Harvesting Chaga Mushrooms: the Good, the Bad, and the Ugly
To say I've been harvesting Chaga mushrooms for a long time is an understatement.
I have been an avid wild foods forager (you have no choice when trying to feed a family of 15 in those days) since 1960, a mushroom hunter since 1987, and a professional hunter and buying agent for larger mushroom companies on the Pacific northwest coast since 1997. In 2006, when I returned to my home in New Brunswick Canada, I established Fiddlehead Heaven Forest Products. We were the first company in North America to harvest and offer Chaga in its natural form on the web to Canada and the USA and the rest of the world.
As a mushroom buying agent and harvester for some of the largest mushroom companies in the world in some of the very most remote areas of North America, I have seen all the nasty tricks that some of the most unscrupulous people will try to get away with when it comes to selling their mushrooms and other wild harvested products. And this is where the consumer needs a professional, to protect you from some of the people who harvest these products!
Harvesting Chaga Mushrooms: 3 Types of Harvesters
I have a saying that goes like this: I know everything I need to know about a harvester just by looking in the basket of mushrooms or other wild harvested products they bring to me. What they bring will tell me what type of harvester they are.
The Good: This person has done this before and their pride and integrity for quality shows in how clean and perfect their product is.
The Bad: This person has never done this before and requires some training!
The Ugly: This is the worst kind of harvester. This person is experienced and knows how to do it right, but just doesn't care at all about quality, how their product looks, or what they pick. They do it for the money only. Although they would never feed their product to their own family, they would (and do) try to sell it to yours just for the money.
I hate to say this folks, but this is also true for some Chaga harvesters I have come across here and in other parts of North America. And this is where a buyer of wild mushrooms has to be on their toes.
Nasty Tricks that Damage the Trade
Mushroom harvesters are almost always paid by weight. For those "Ugly" harvesters, these are some of the things that are done to add more weight to their mushrooms:
1. Inject the Chaga with water using a large syringe (the water used for this tactic is usually from a pond or swamp on their way out of the bush). Or they might just dip the Chaga or other mushrooms in a creek or pond (this poses a risk of the Chaga becoming contaminated with bad bacteria from standing water).
I had to destroy over 500 lbs. of dried Chaga four years ago after sending samples to a lab for testing. The results came back with the detection of a bacteria called "Aeromonas sobria" which is an aqua born bacteria that comes from dead or standing water such as beaver ponds and swamps. So to protect myself and my customers, I burned everything that I had picked myself and had purchased dry from other harvesters in my area that fall! Even though that cost me thousands of dollars, I knew it had to be done.
It is for this reason now that I will only buy fresh-picked Chaga from other harvesters in my area, so that I can spot this sort of tampering.
If it has been soaked, it will be very dark on the inside and mushy on the outside rather than the fresh golden colour it should be on the inside and rough and dry on the outside. Once dried, the colour returns and looks natural unless the Chaga was harvested on a dead tree.
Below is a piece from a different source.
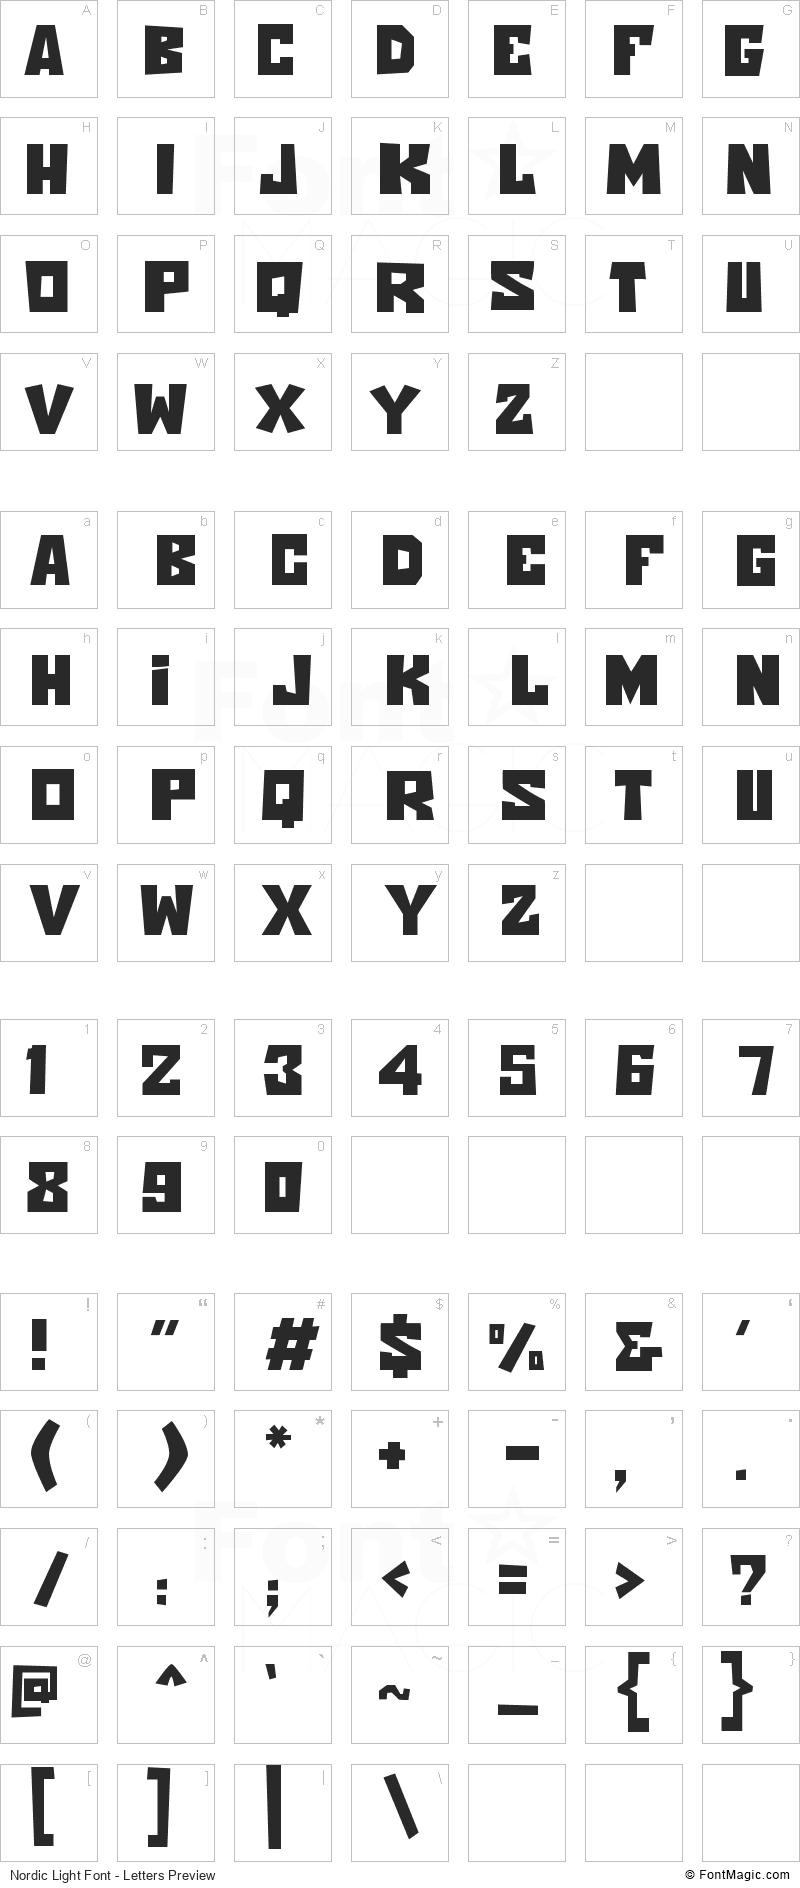 Nordic Light Font - All Latters Preview Chart

2. Try to cram rocks or sand into crevices or holes in the Chaga and in other mushrooms such as Morels.
3. Cut the trees down to get the Chaga they cannot reach (unless you own the land, this practice is illegal on private or public lands).
If you purchase Chaga and find the tea made from it too bitter to drink, then this Chaga was harvested from a dead tree. When the tree dies, the Chaga no longer has the ability to disburse the water back into the tree that it takes in from after being rained or snowed on. The mushroom then becomes waterlogged and will start leaching.
The most important thing for us all to remember, is that Chaga is symbiotic to living trees, not dead trees! So dead Tree = dead Chaga!!
Although I have trained many people to harvest wild mushrooms throughout North America since 1997 and some of them are very dedicated to what they do, I personally still check each and every mushroom that is brought to me for signs of tampering or soaking.
Harvesting Chaga Mushrooms: Finding the Good Stuff
Make sure you know and trust the person or company you are buying from. It really is okay to ask the company or harvester for references, including us!
Do not be afraid to ask the person or company you are buying from for such things as, business licenses, FDA registration numbers, and ask for references as well.
Also ask how long they have been in the business of harvesting Chaga, and do they harvest other wild mushrooms?
Ask what they are doing to ensure a sustainable future harvest for Chaga.
Also ask if they have taken a food safety course, or have a Food Safety program in place. Are they using Food Grade tools for harvesting and are they processing in food grade bins and tubs and process and package on food grade surfaces?
All wild harvest products for food purposes deserves all of the food safety precautions to be taken as they do in the commercial production of cultivated food products.
When it comes to finding good mushrooms, looking at the practices of the company and doing your research is your best bet. There are lots of ways for harvesting Chaga mushrooms properly, and sustainably, you just have to know what to look for!